Optimizer Statistics

Tweak the Optimizer with optimal stats

Extended Stats

Oracle 11g introduced some interesting features concerning extended statistics:

Indicate relations

Sometimes columns show relations, i.e. certain combinations never show up. Imagine a hotel booking agency. They have hotels in many categories, from very simple 1-star up to superior 5- and maybe even 6-star hotels listed. One table of their database could list up how many rooms each hotel has in different room categories. Very unlikely that a 1-star hotel lists a luxury presidential suite – or a 6-star has a dormatory room for backpack-travelers with sleeping bags. That is, two columns hotel_id and room_category have typical relations – and others never showing up. Which will prove relevant to execution plans.

So how to make use of this database model knowledge? Hardly a chance before Oracle 11g – but now we can:

dbms_stats.create_extended_stats(
  'booking_schema',           -- schema owner
  'rooms_available',          -- table name
  '(hotel_id, room_category)' -- two related columns
);

Now gather statistics again – and the optimizer will take the relation into consideration.
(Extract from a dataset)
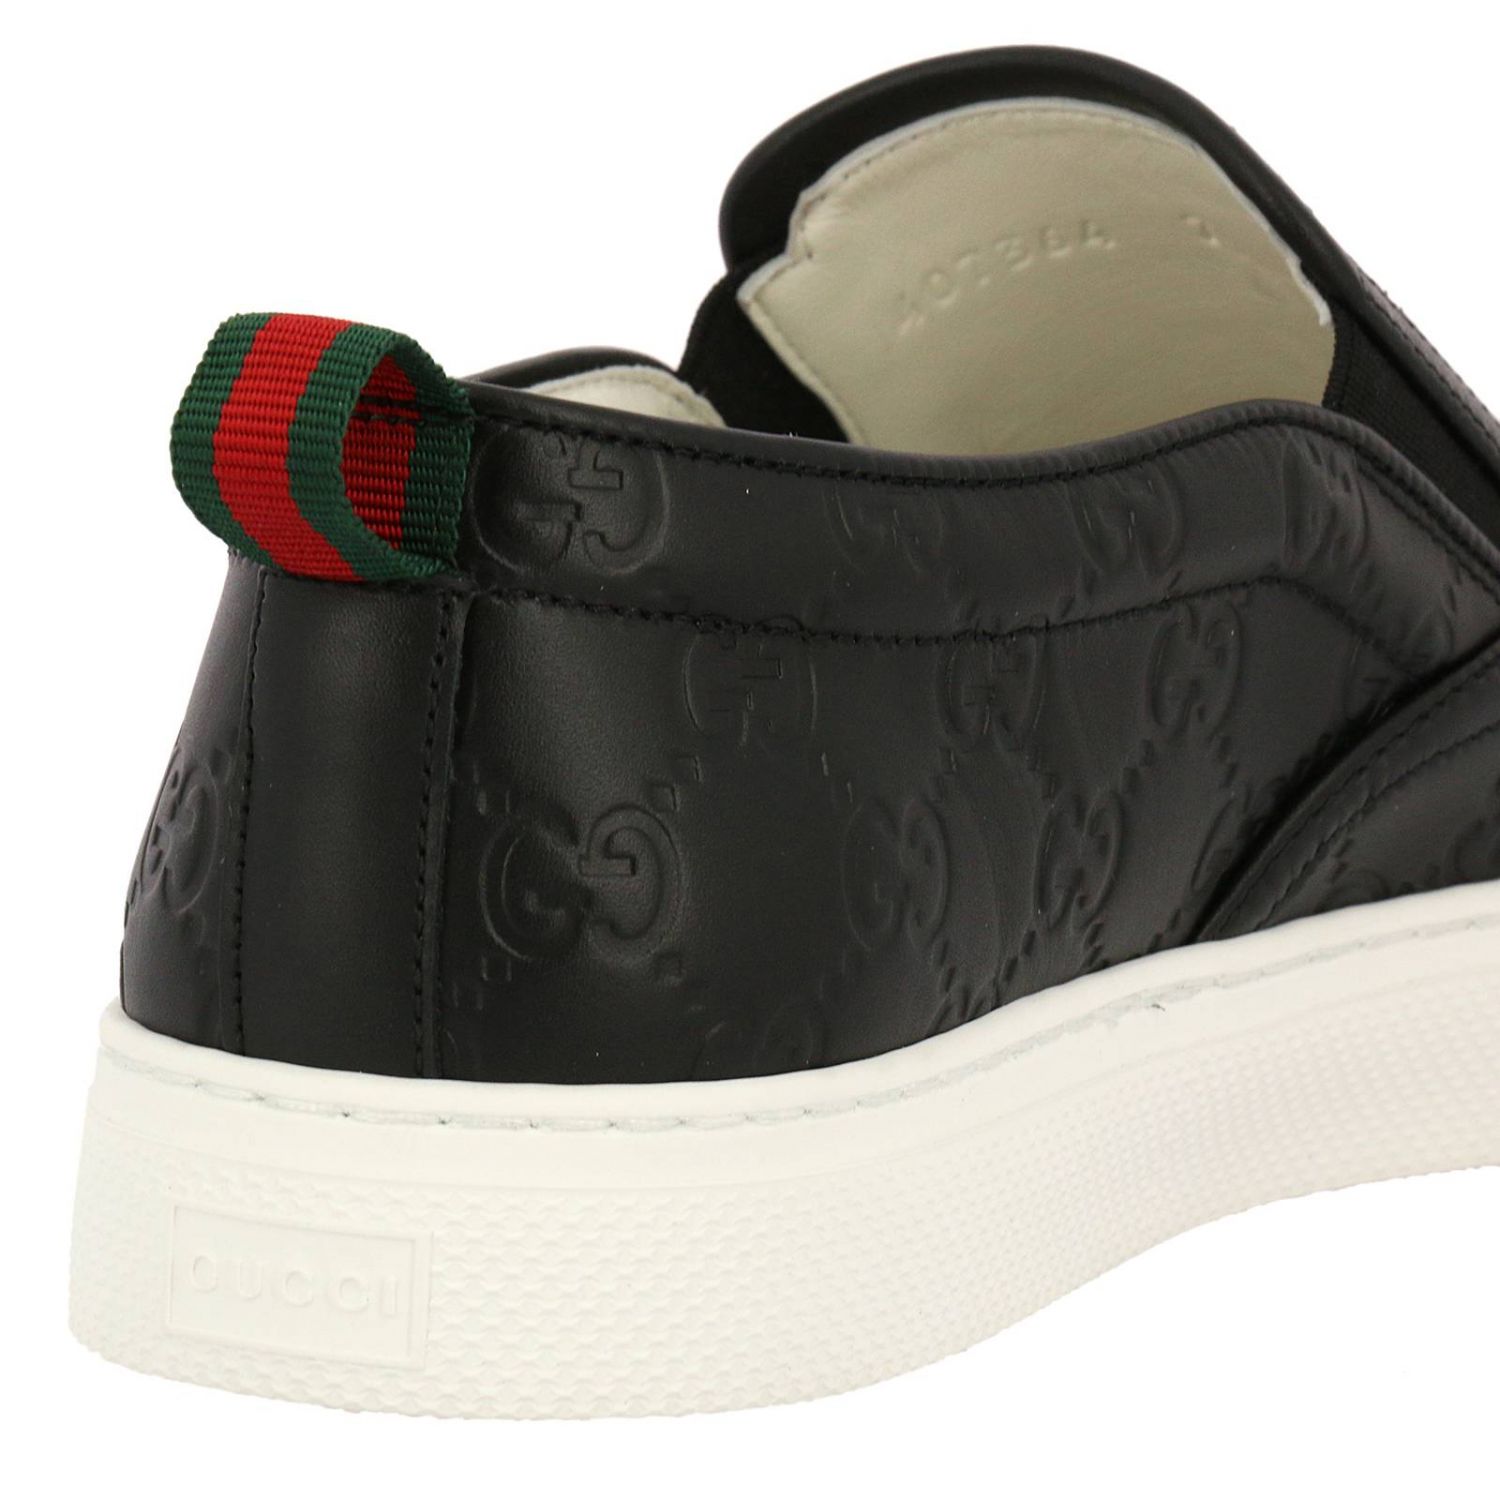 Are Mens Gucci Shoes True To Size - Best Design Idea

By the way: The same can be achieved during stats gathering using method_opt => 'FOR COLUMNS (hotel_id, room_category)'.

Expression stats

Free text name columns on a web interface – and the user has LOCKED THE CAPS KEY from time to time? 'Smith' == 'SMITH' == 'smith'? For the optimizer, the three expressions are each unique, and it would gather the statistics accordingly. Hot should it know better? Of course if the DBA tells it:

dbms_stats.create_extended_stats(
  'ownname'  => 'SCOTT',
  'tabname'  => 'EMP',
  'extension => 'LOWER(ENAME)'
);

Drop extended statistics

Did they mess up? Things got worse instead of better? Of course there is a way to get rid of them again. But to do so, the DBA first needs to know which are defined:

SELECT * FROM dba_stat_extensions;

The obvious columns to look at are, of course, owner, table_name, and extension – corresponding to the parameters passed to the create command above. There are some more columns available as well, for the advanced DBA …
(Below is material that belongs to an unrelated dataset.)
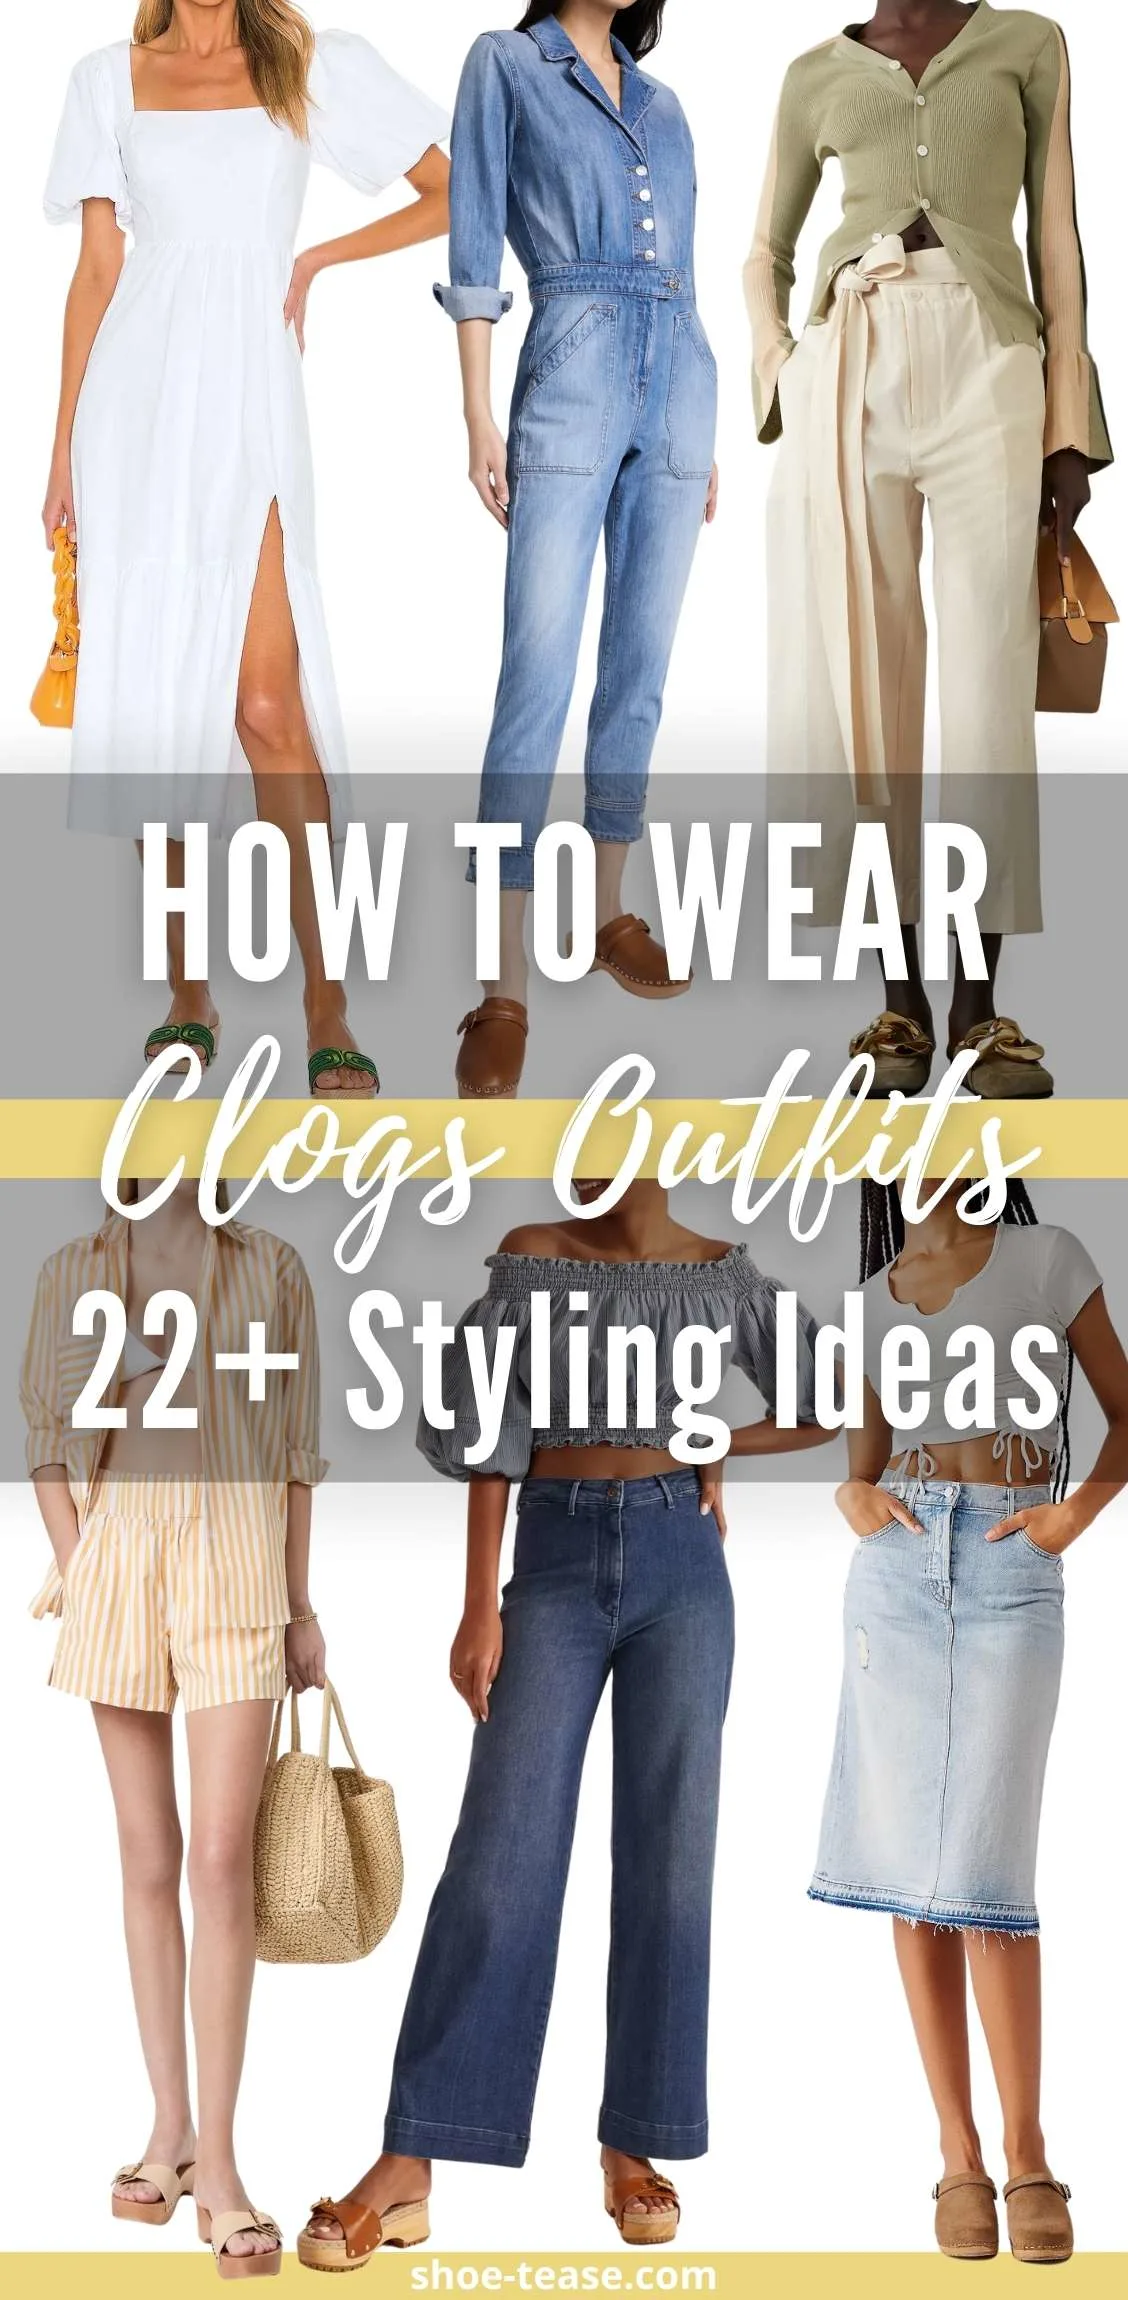 Text reading how to wear clogs outfits 22 plus styling ideas over collage of 6 women wearing different clogs outfits.

Now to drop the unwanted extension: Same syntax as with their creation, just call a different procedure, called dbms_stats.drop_extended_stats.

Gather only stale stats

I fully agree: It makes absolutely no sense to gather stats on unchanged objects again and again (except keeping CPU and disks busy). Ever heard of something like "stale statistics"? Those are the once requiring a refresh. How does the optimizer know? It doesn't – except you placed the objects on monitoring: ALTER <TABLE|INDEX> … MONITORING;.
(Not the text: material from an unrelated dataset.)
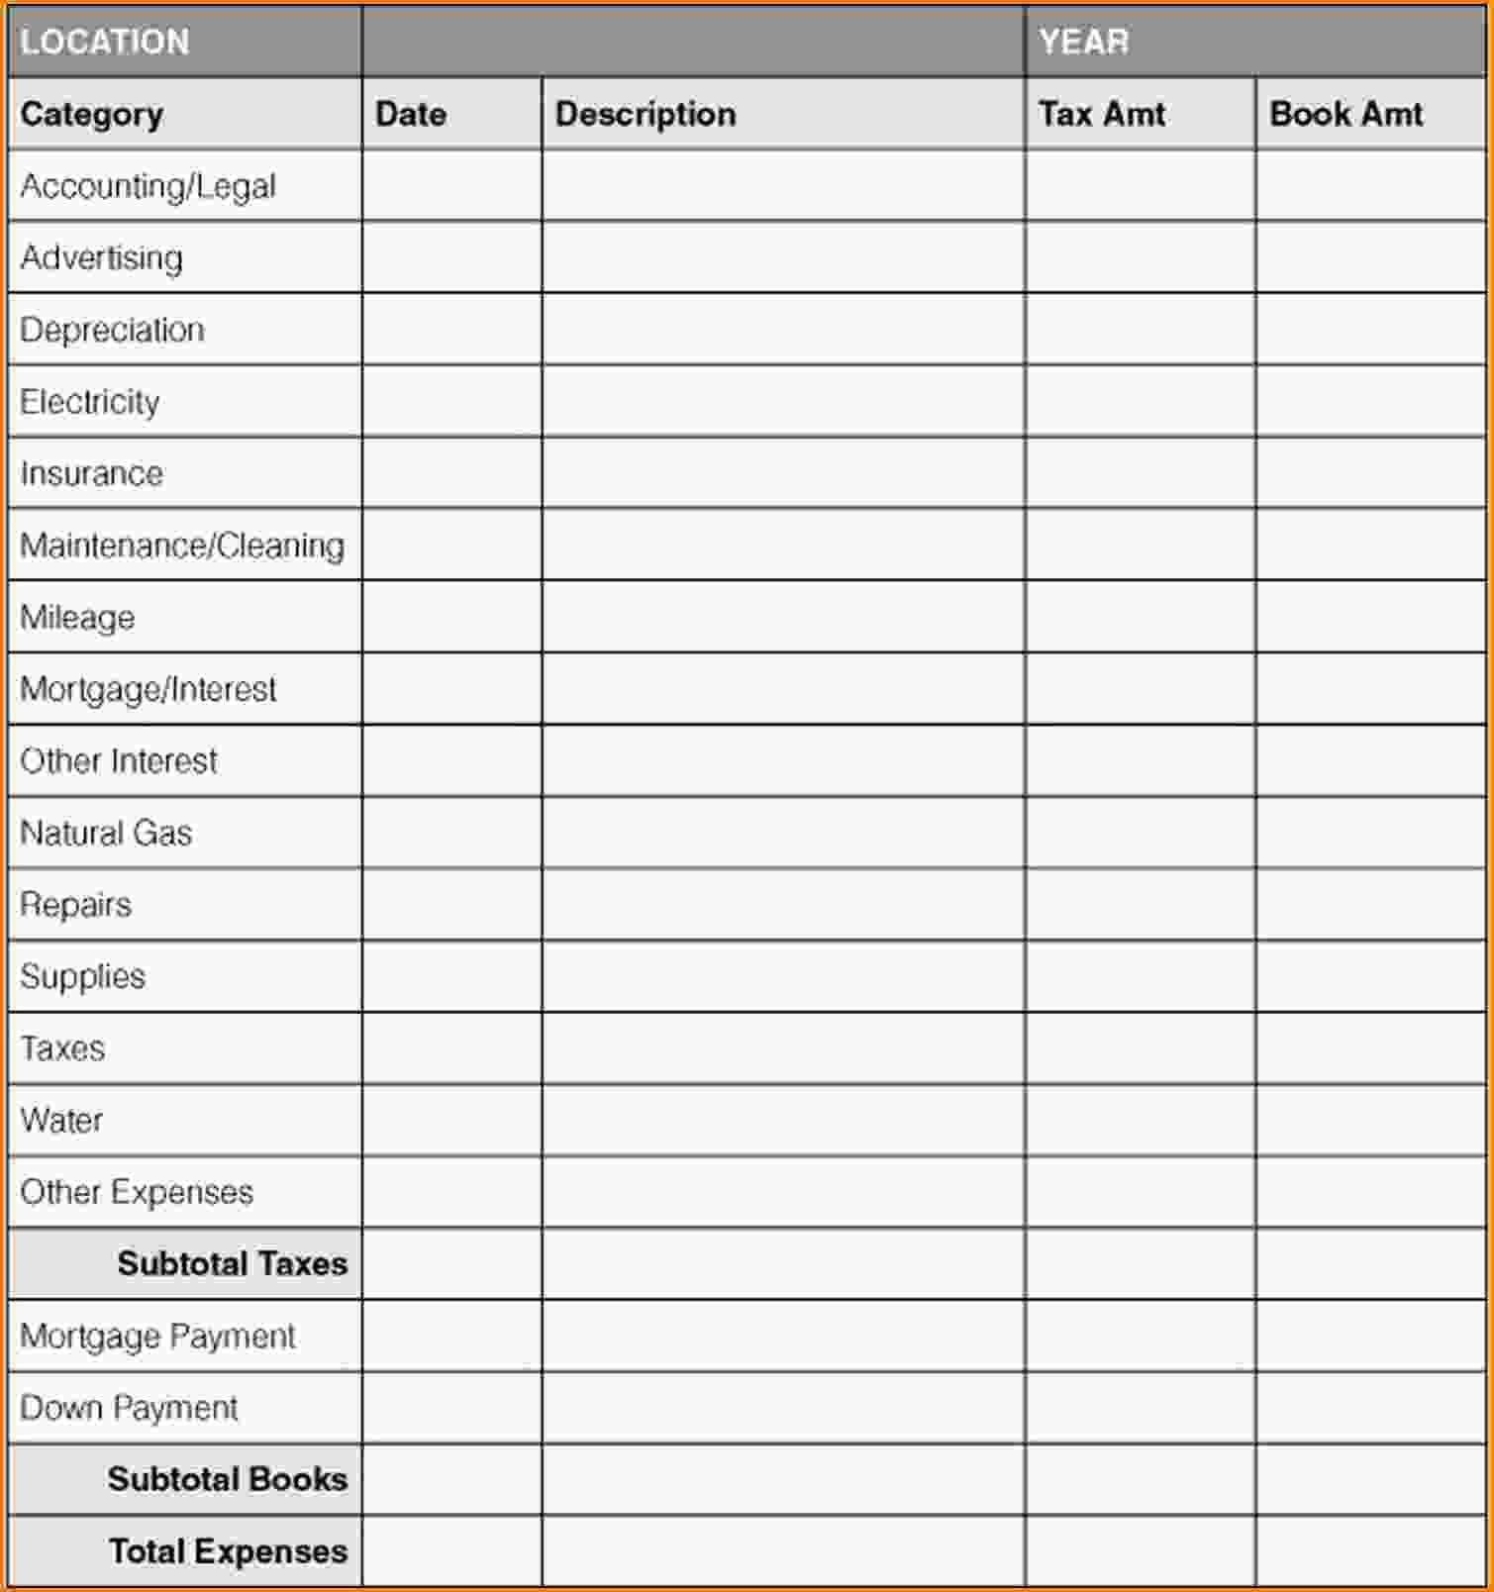 Excel Accounting Templates For Small Businesses Reference Excel For Small Business Accounting Intended For Bookkeeping Templates For Small Business Excel

Now, for a last time full statistics must be gathered (as the object was not monitored in the past). Afterwards, the options parameter can be set to either GATHER STALE or GATHER AUTO – and statistics will be considered stale and thus be recollected only for objects having changed more than 10%.

DBMS_STATS.AUTO_SAMPLE_SIZE

As every DBA should know, statistics can either be CALCULATEd (which is rather time and ressource consuming – and completely unpracticable on many larger databases) or ESTIMATEd. The latter uses a (hopefully representable) sample size to "simulate" a calculation. That's like with elections: Having a good sample, it can be pretty precise even if only a few percent of the voters have been counted. The question just is: What is a good sample size? Chose it too large, and it takes too long. Have it too small, and you can not rely on the results.

To ease the answer for the DBA, Oracle 9i introduced dbms_stats.auto_sample_size to be passed to the estimate_percent parameter of the gather-procedures – promising to find the "best suiting" value for the given object, which also automatically adjusts with its changes.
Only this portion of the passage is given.